> [TASK GOAL]
Nothing but the lines from the one containing "Image: LumiraDx SARS-CoV-2" through the final line of the listing should appear in the answer, each exactly as written.

> [STUDY MATERIAL]
⟨
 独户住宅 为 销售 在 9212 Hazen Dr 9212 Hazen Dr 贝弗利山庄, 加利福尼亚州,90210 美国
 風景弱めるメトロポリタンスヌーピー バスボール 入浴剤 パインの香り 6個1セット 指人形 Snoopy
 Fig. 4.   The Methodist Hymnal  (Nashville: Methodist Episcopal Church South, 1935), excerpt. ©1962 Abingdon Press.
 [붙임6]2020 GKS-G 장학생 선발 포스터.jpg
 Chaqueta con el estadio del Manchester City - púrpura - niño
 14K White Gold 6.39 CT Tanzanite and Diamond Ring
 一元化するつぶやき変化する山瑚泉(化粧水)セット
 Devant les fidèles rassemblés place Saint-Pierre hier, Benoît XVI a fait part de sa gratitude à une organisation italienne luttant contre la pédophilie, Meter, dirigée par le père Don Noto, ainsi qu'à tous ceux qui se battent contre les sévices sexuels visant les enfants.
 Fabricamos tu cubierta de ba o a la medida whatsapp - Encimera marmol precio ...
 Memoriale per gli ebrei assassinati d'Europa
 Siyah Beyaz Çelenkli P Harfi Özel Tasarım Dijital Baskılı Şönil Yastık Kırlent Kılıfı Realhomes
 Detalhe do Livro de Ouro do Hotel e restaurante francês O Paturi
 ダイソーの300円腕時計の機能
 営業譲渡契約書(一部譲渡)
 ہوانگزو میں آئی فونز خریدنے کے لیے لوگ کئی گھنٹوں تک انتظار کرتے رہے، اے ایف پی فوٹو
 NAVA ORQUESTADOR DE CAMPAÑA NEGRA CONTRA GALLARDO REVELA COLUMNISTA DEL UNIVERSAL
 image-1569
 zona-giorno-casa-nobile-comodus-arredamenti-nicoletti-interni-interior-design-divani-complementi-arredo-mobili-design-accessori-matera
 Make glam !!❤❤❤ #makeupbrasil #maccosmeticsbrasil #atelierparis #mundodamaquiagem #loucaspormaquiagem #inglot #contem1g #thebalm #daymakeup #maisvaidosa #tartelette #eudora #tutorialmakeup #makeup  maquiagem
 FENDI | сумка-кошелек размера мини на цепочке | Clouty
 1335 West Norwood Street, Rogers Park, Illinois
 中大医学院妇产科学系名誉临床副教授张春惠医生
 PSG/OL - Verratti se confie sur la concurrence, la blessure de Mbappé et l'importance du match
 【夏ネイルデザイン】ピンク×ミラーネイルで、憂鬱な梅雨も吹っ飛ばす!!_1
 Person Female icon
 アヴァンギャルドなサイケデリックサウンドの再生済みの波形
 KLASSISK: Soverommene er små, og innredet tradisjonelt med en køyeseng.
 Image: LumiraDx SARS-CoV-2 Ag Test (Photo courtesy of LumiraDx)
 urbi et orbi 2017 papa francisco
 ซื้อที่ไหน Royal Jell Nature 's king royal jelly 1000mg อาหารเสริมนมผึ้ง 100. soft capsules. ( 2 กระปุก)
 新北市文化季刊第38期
⟩
> [OUTPUT FOR THIS EXERCISE]
 Image: LumiraDx SARS-CoV-2 Ag Test (Photo courtesy of LumiraDx)
 urbi et orbi 2017 papa francisco
 ซื้อที่ไหน Royal Jell Nature 's king royal jelly 1000mg อาหารเสริมนมผึ้ง 100. soft capsules. ( 2 กระปุก)
 新北市文化季刊第38期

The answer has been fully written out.